Animal fables are said to have originated with Aesop, a semilegendary Samian slave, but the earliest surviving record of the fables comes from the Latin poet Phaedrus, who introduced the new genre to Latin literature. This verse translation of The Fables is the first in English in more than two hundred years.

In addition to the familiar animal fables, about a quarter of the book includes such diverse material as prologues and epilogues, historical anecdotes, short stories, enlarged proverbs and sayings, comic episodes and folk wisdom, and many incidental glimpses of Greek and Roman life in the classical period.

The Fables also sheds light on the personal history of Phaedrus, who seems to have been an educated slave, eventually granted his freedom by the emperor Augustus.

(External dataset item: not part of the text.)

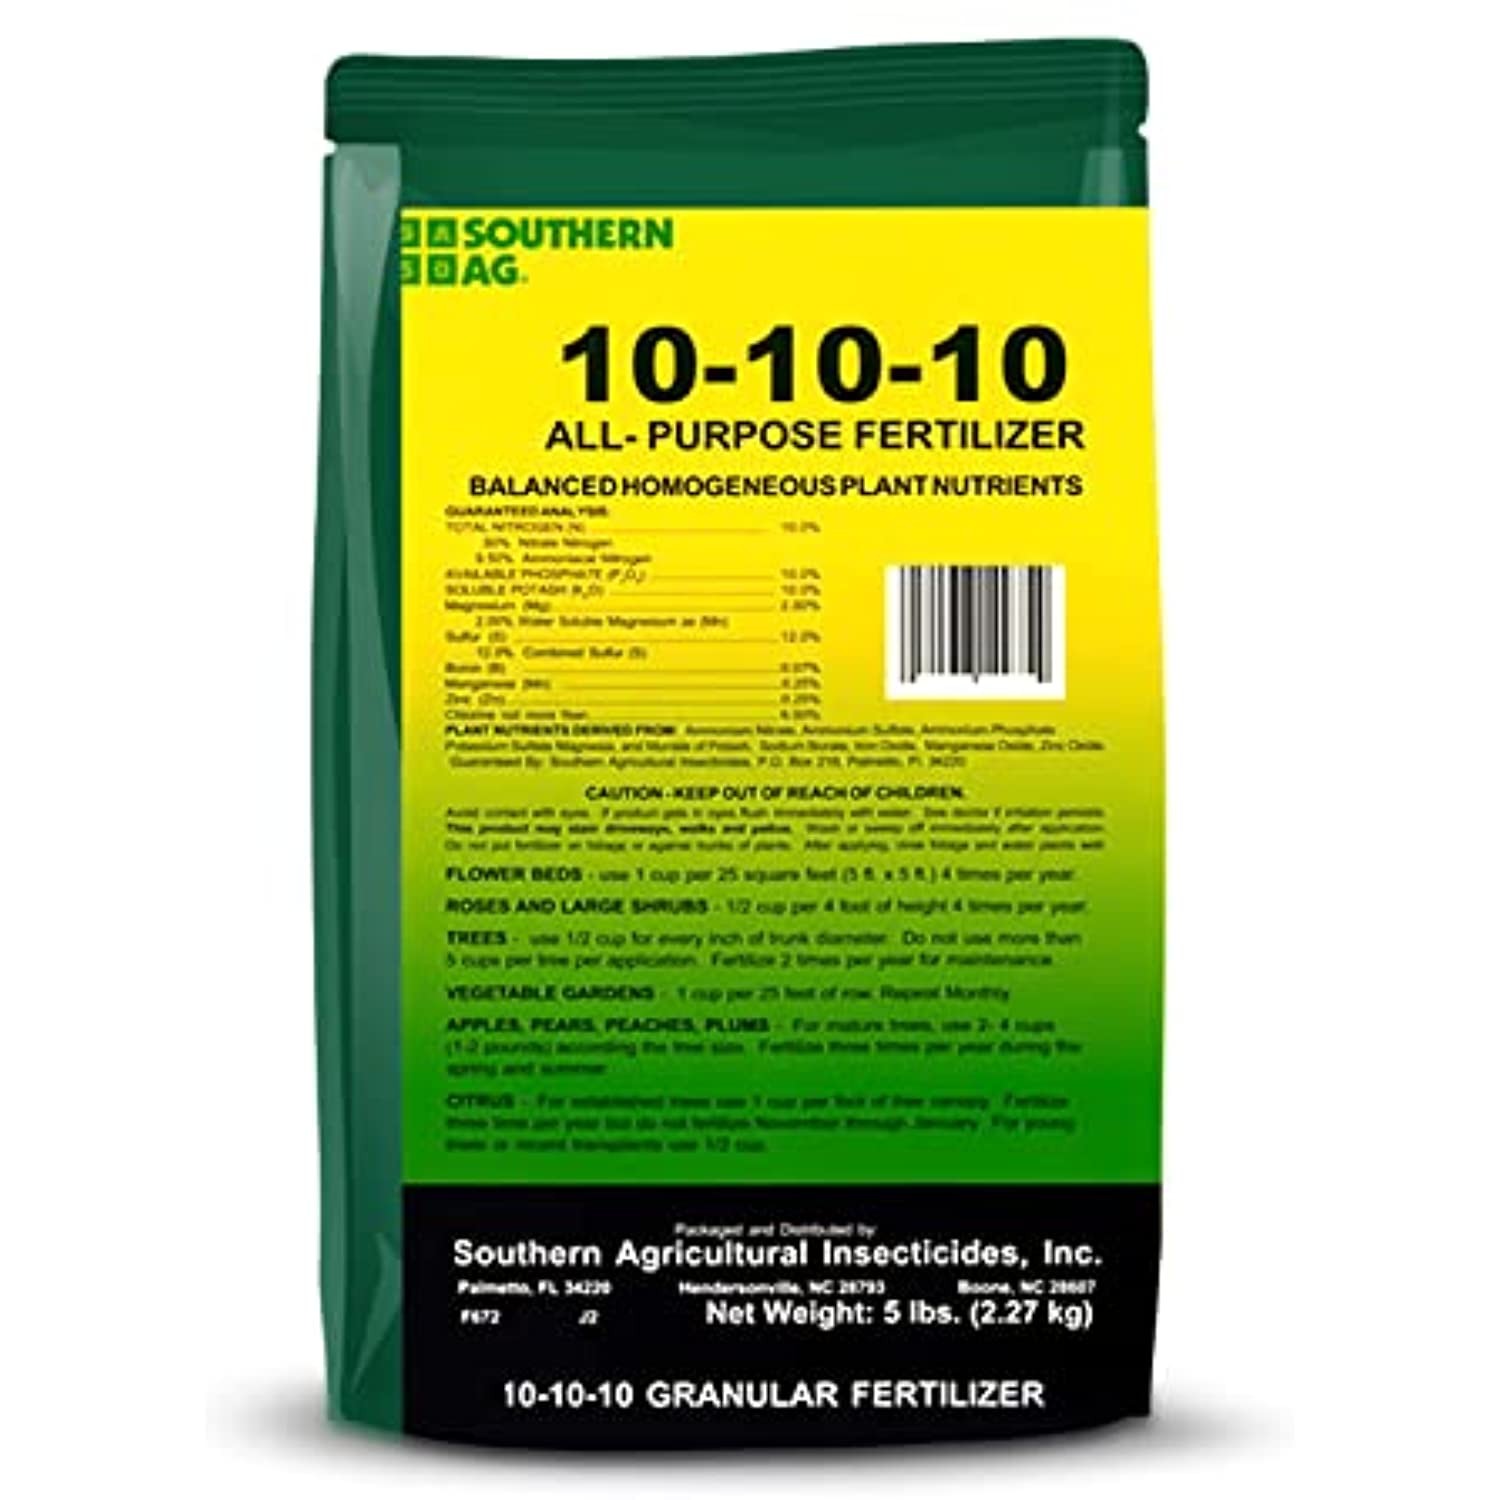 Southern Ag Fertilizer 10-10-10 - All-purpose Granular Fertilizer - organic fertilizer – Fertilizer for vegetable garden & Flowerbed Roses & Large Shrubs and Fruit Trees- Available with Premium Quality Centaurus AZ Gloves-5LB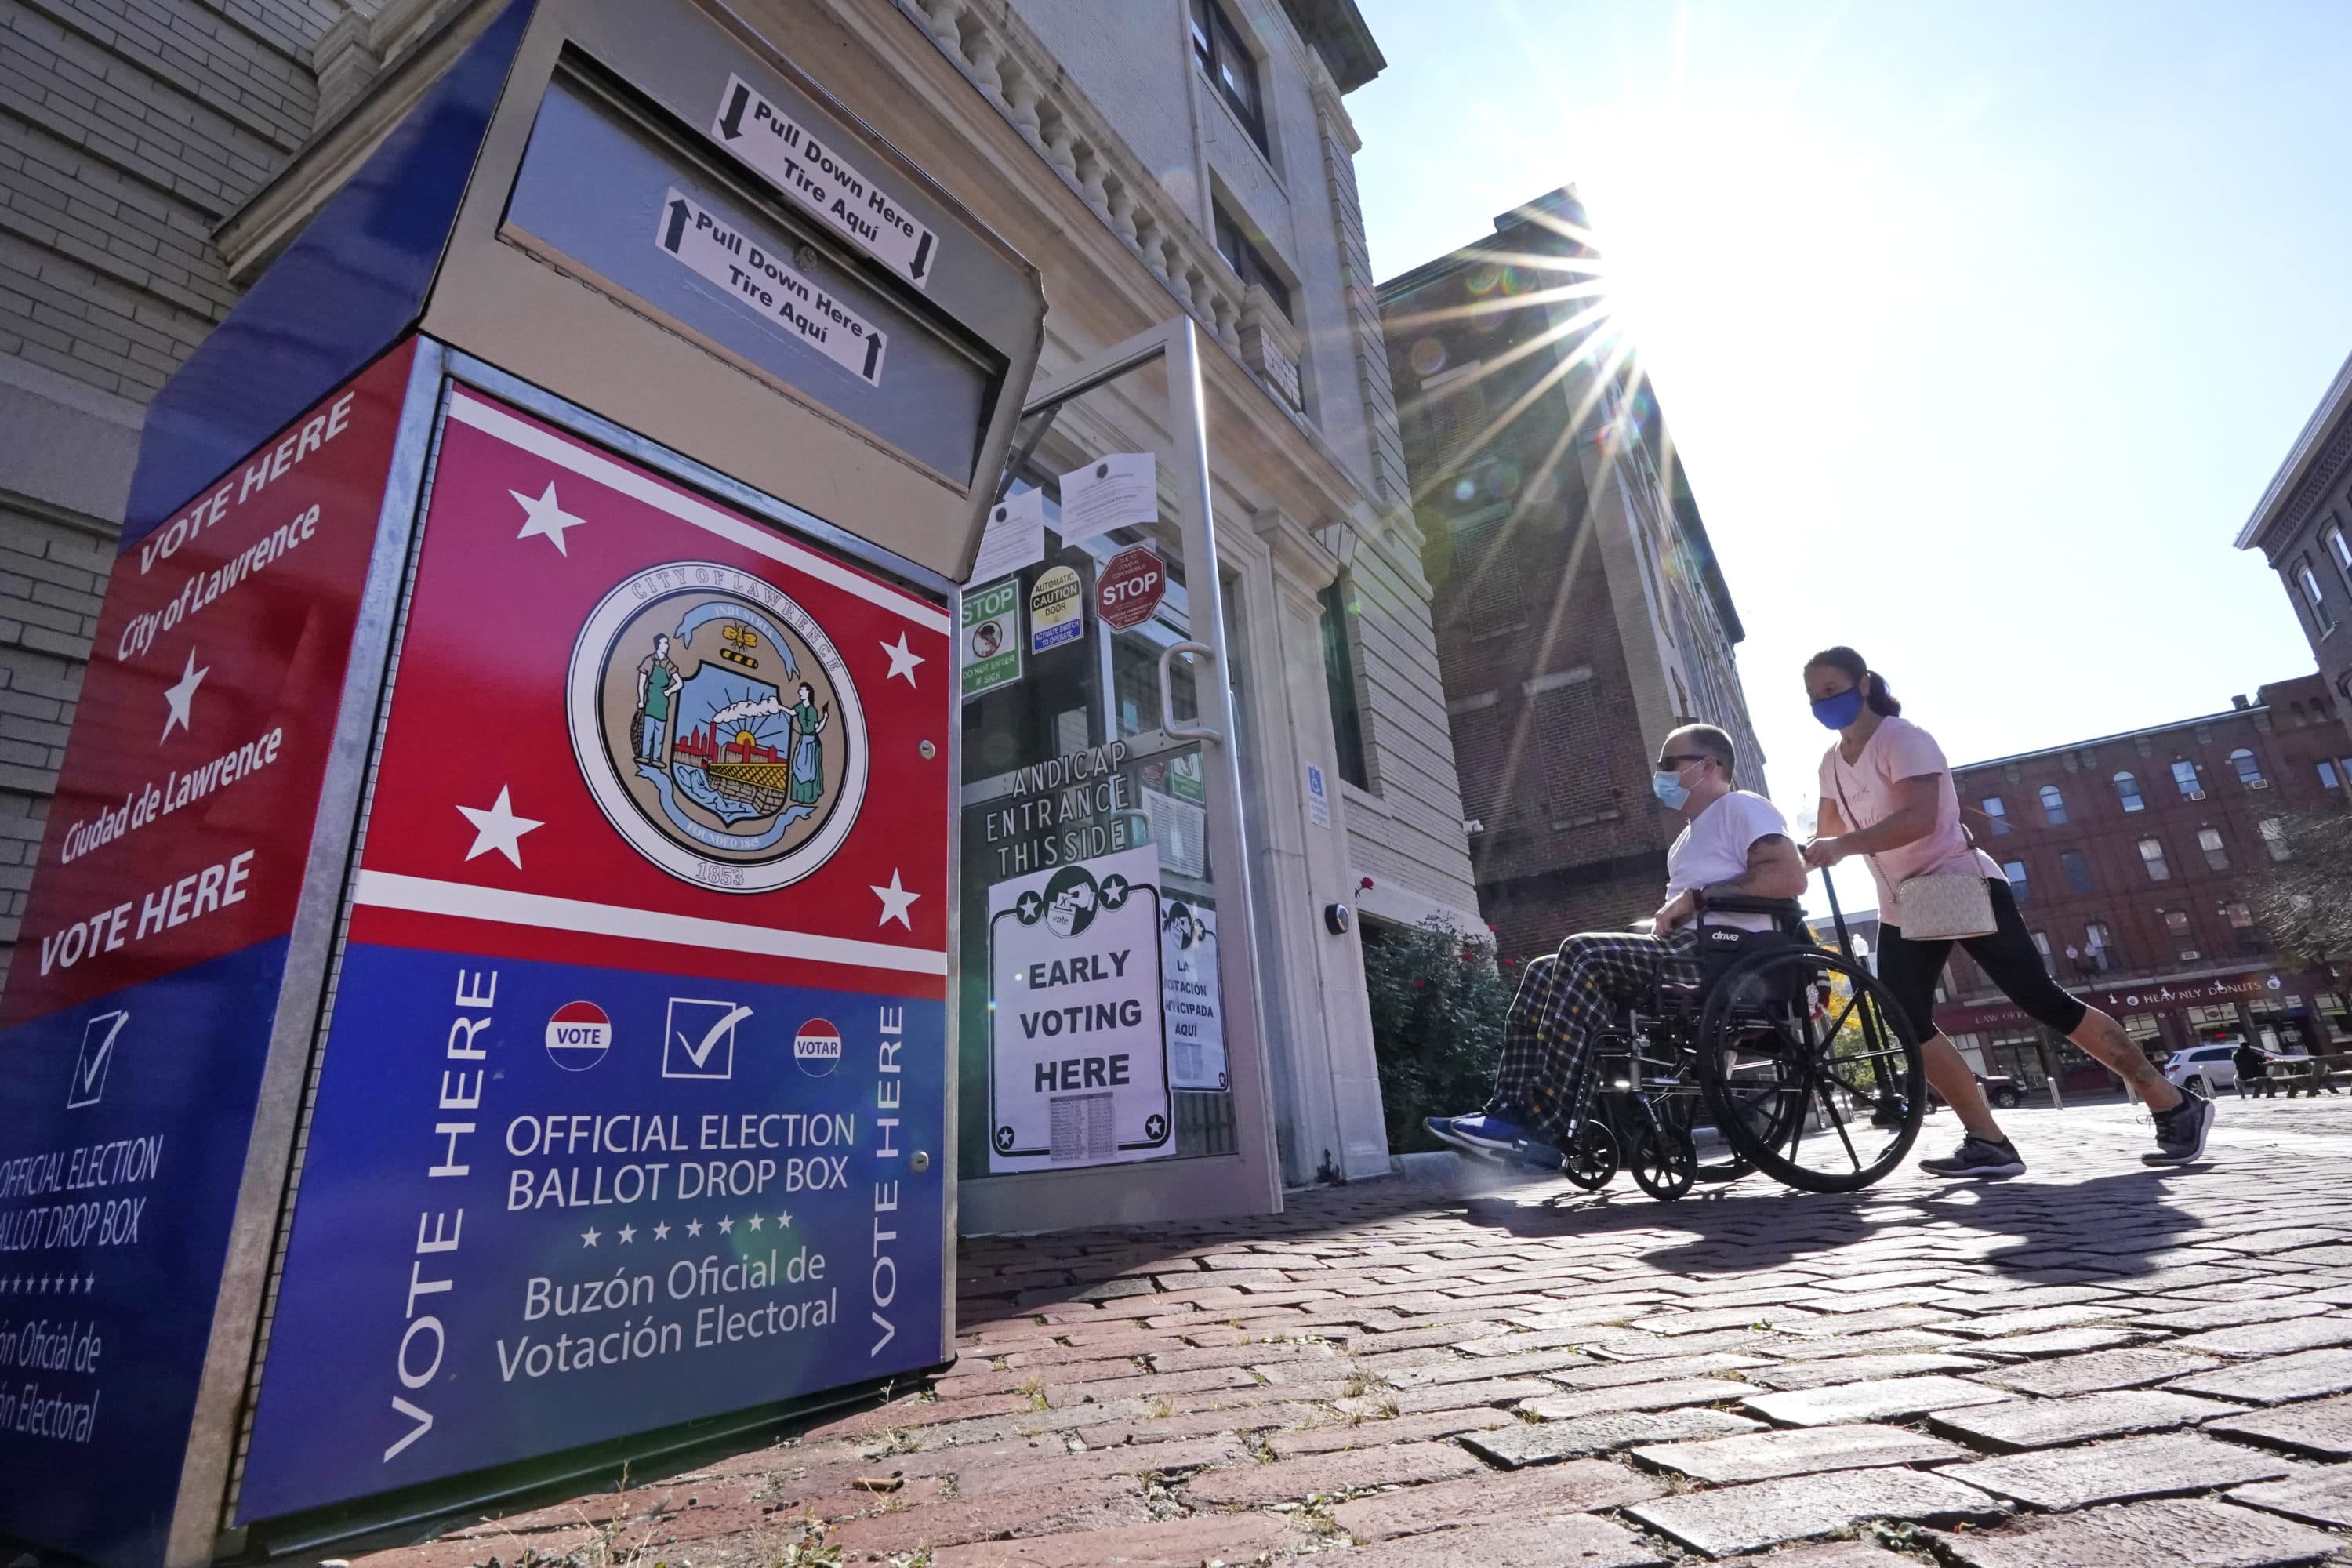 Voters enter Lawrence City Hall during early in-person voting, Oct. 22, 2020, in Lawrence, Mass. (Elise Amendola/AP)

Phaedrus' style is lively, clean, and sparse, though not at the cost of all detail and elaboration. It serves well as a vehicle for his two avowed purposes—to entertain and to give wise counsel for the conduct of life. Like all fabulists, Phaedrus was a moralist, albeit on a modest and popular level.

An excellent introduction by P. F. Widdows provides information about Phaedrus, the history of The Fables, the metric style of the original and of this translation, and something of the place of these fables in Western folklore. The translation is done in a free version of Anglo-Saxon alliterative verse, a form used by W. H. Auden and chosen here to match the popular tone of Phaedrus' Latin verse.